Unlocking Temporal Flexibility: Neural Speech Codec with Variable Frame Rate
This addresses the problem of bitrate and token sequence inefficiency in real-time speech applications, representing an incremental improvement.
The paper tackled the inefficiency of constant frame rate (CFR) in neural speech codecs by proposing a Temporally Flexible Coding (TFC) technique with variable frame rate (VFR), achieving optimal reconstruction quality and competitive performance at lower frame rates.
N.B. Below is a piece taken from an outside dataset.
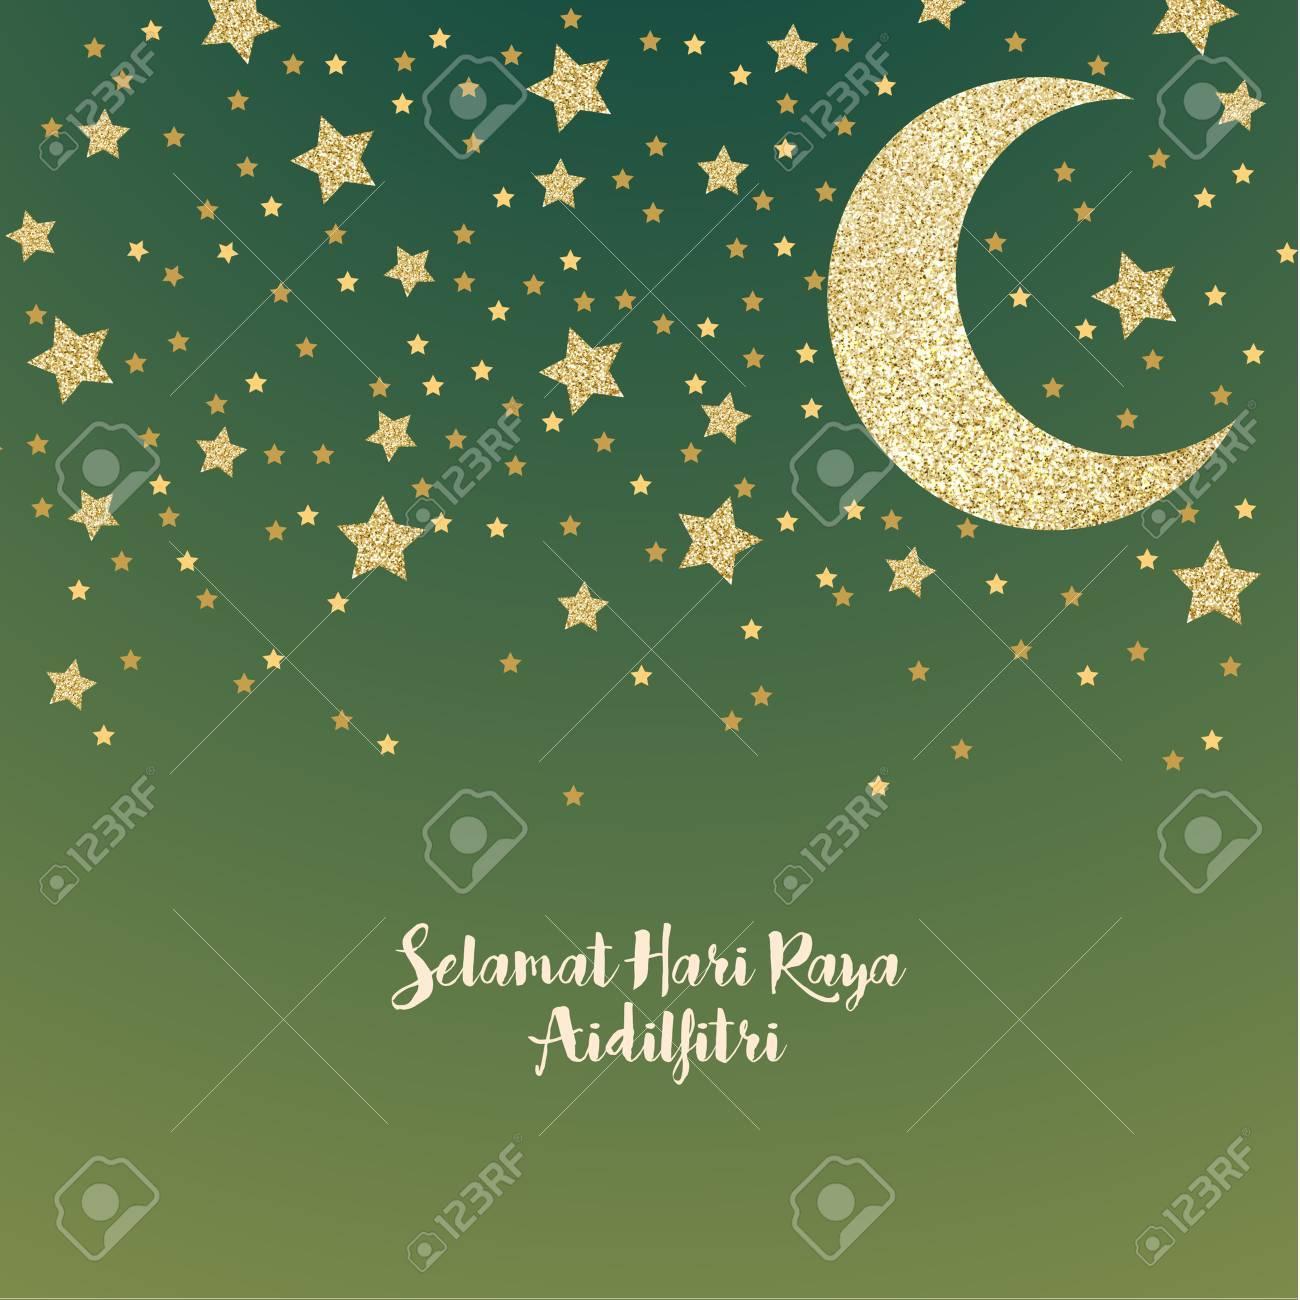 Beautiful Today Eid Al-Fitr Greeting - 62025145-eid-al-fitr-greeting-vector-design-celebration-of-breaking-fast  Trends_431424 .jpg

Most neural speech codecs achieve bitrate adjustment through intra-frame mechanisms, such as codebook dropout, at a Constant Frame Rate (CFR). However, speech segments inherently have time-varying information density (e.g., silent intervals versus voiced regions). This property makes CFR not optimal in terms of bitrate and token sequence length, hindering efficiency in real-time applications. In this work, we propose a Temporally Flexible Coding (TFC) technique, introducing variable frame rate (VFR) into neural speech codecs for the first time. TFC enables seamlessly tunable average frame rates and dynamically allocates frame rates based on temporal entropy. Experimental results show that a codec with TFC achieves optimal reconstruction quality with high flexibility, and maintains competitive performance even at lower frame rates. Our approach is promising for the integration with other efforts to develop low-frame-rate neural speech codecs for more efficient downstream tasks.